**Exercise:**
An exact restatement of the data is required, with the images omitted.

--- Given data Enclosed Below ---

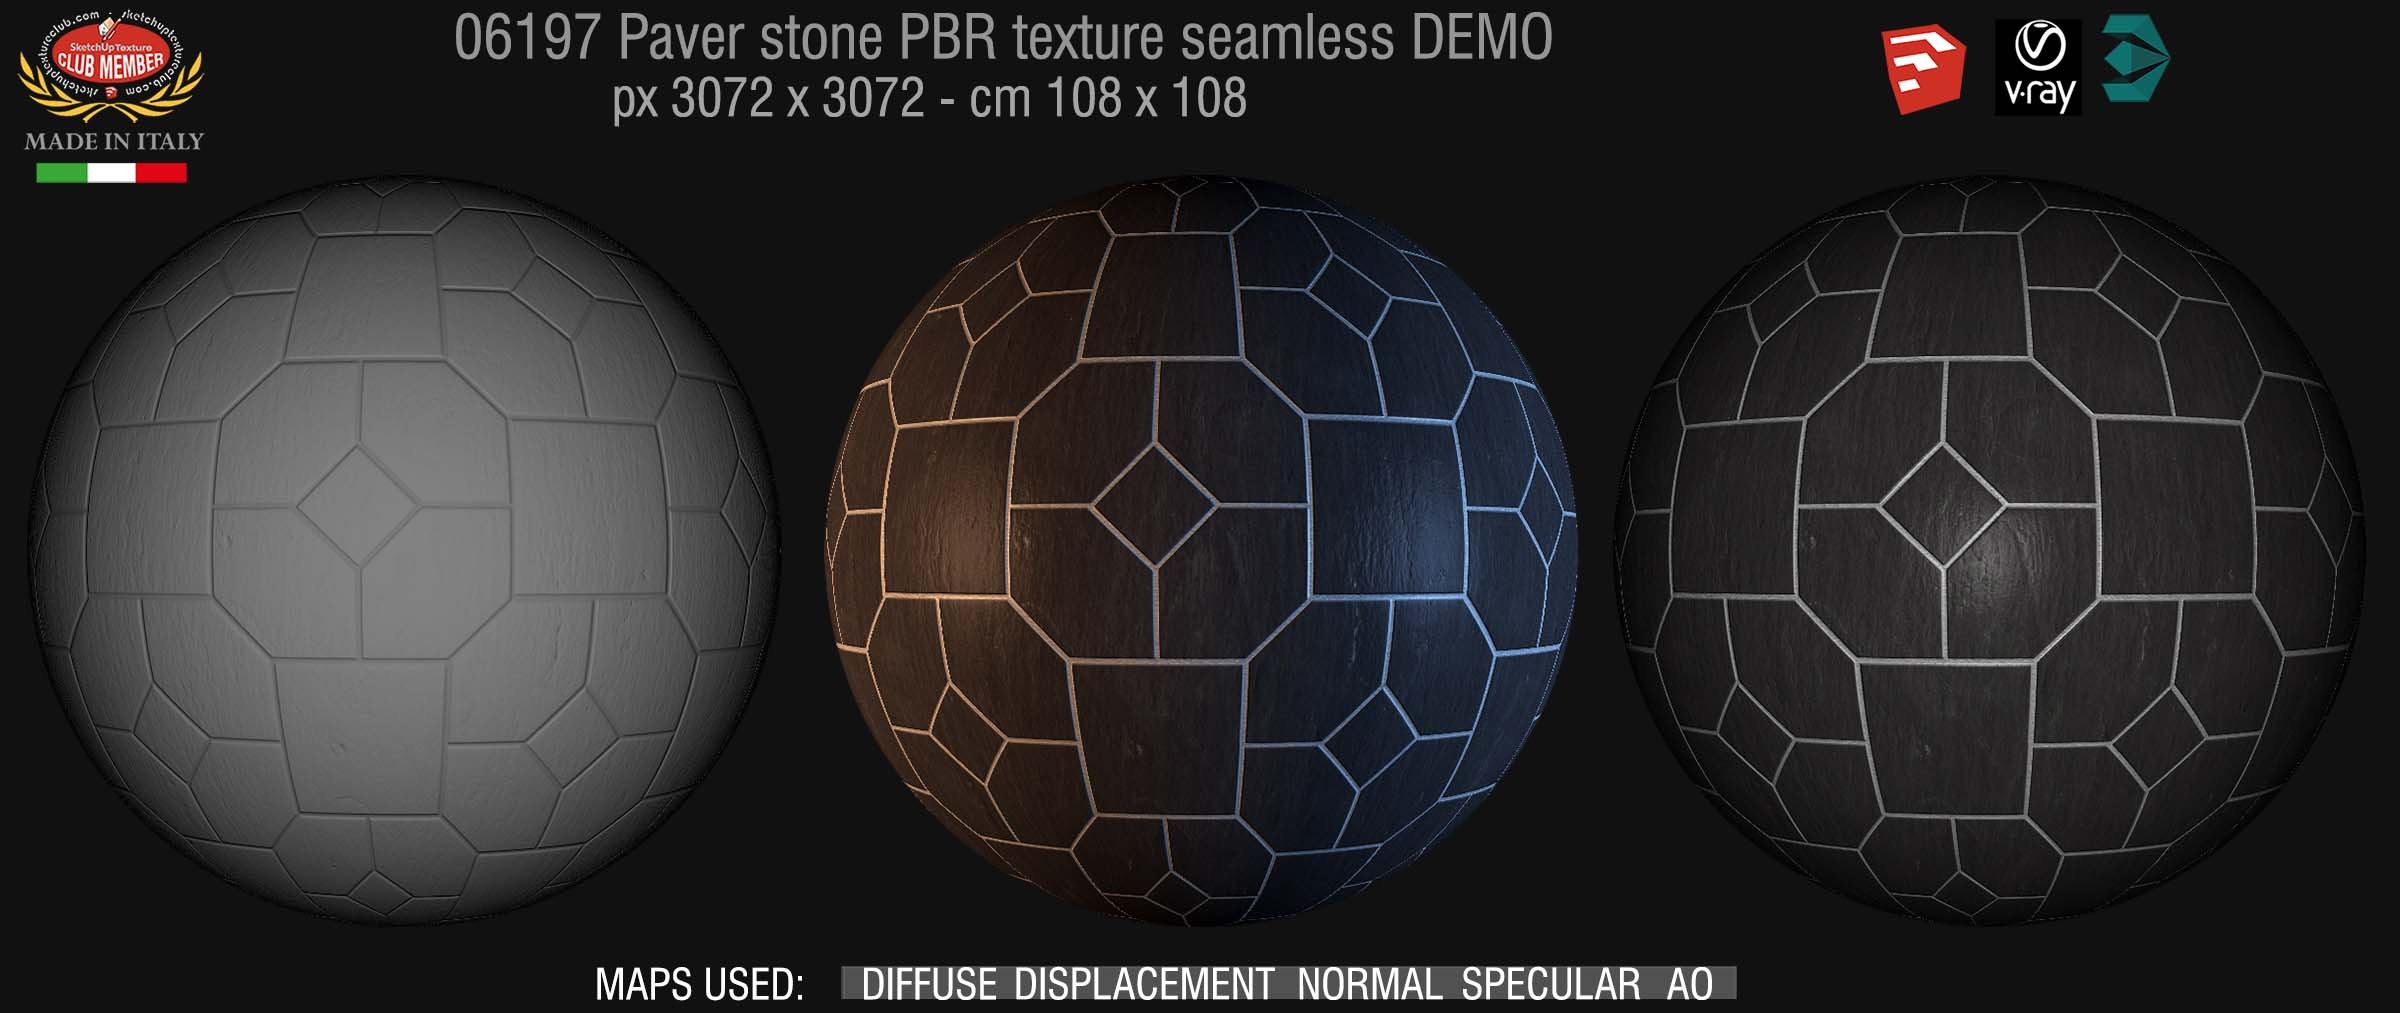 06197 Pavers stone PBR texture seamless DEMO
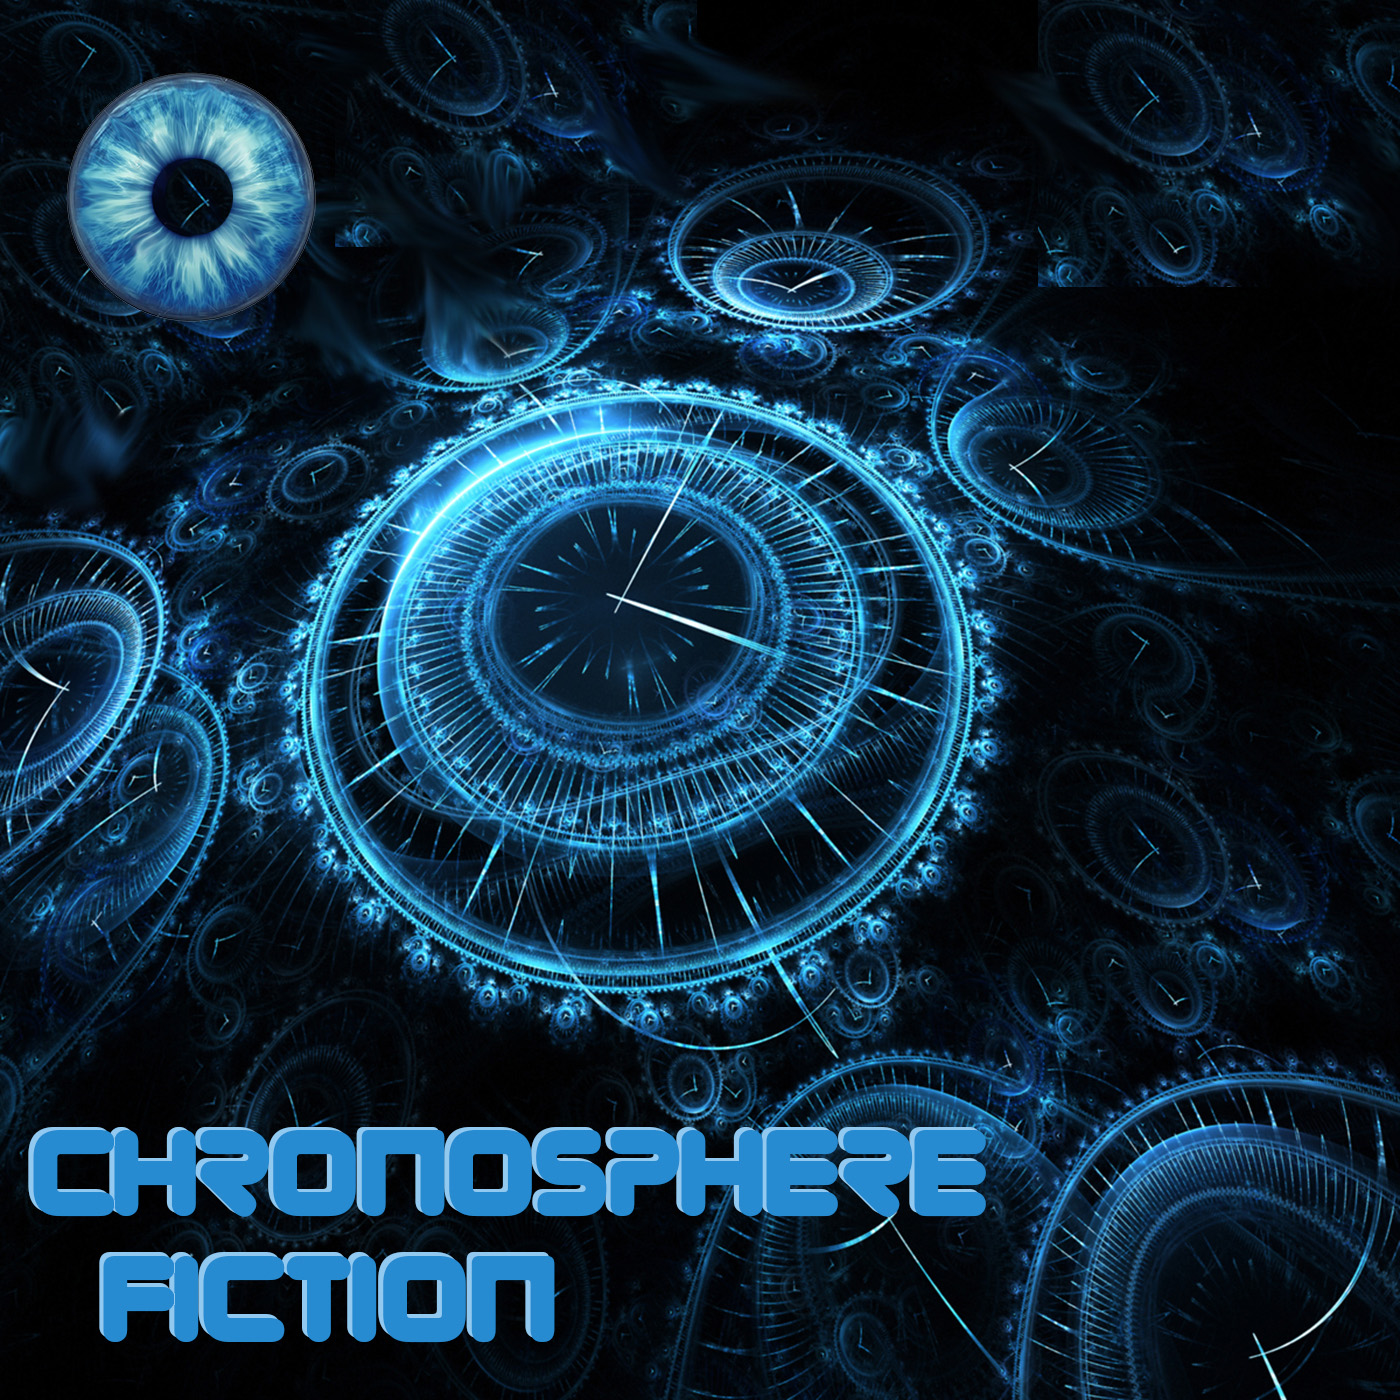 "Chronosphere Fiction" Podcast
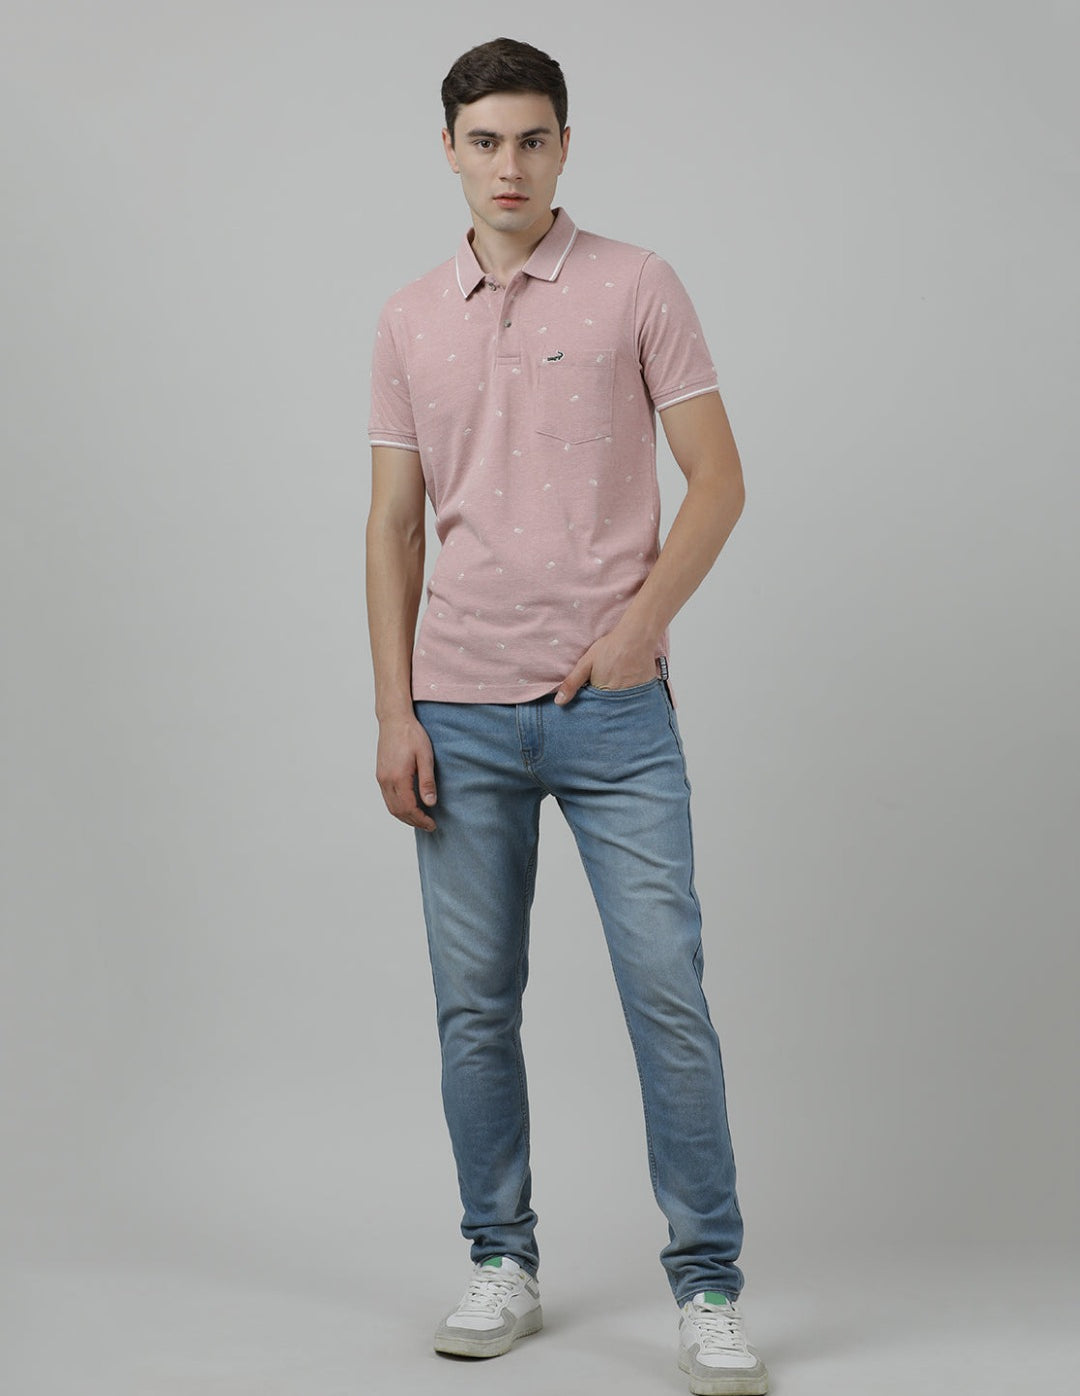 Crocodile Casual Pink Printed T-Shirt Half Sleeve Slim Fit Melange with Collar for Men

--- End of Enclosed Given data ---

**Response to this exercise:**
 06197 Pavers stone PBR texture seamless DEMO
 "Chronosphere Fiction" Podcast
 Crocodile Casual Pink Printed T-Shirt Half Sleeve Slim Fit Melange with Collar for Men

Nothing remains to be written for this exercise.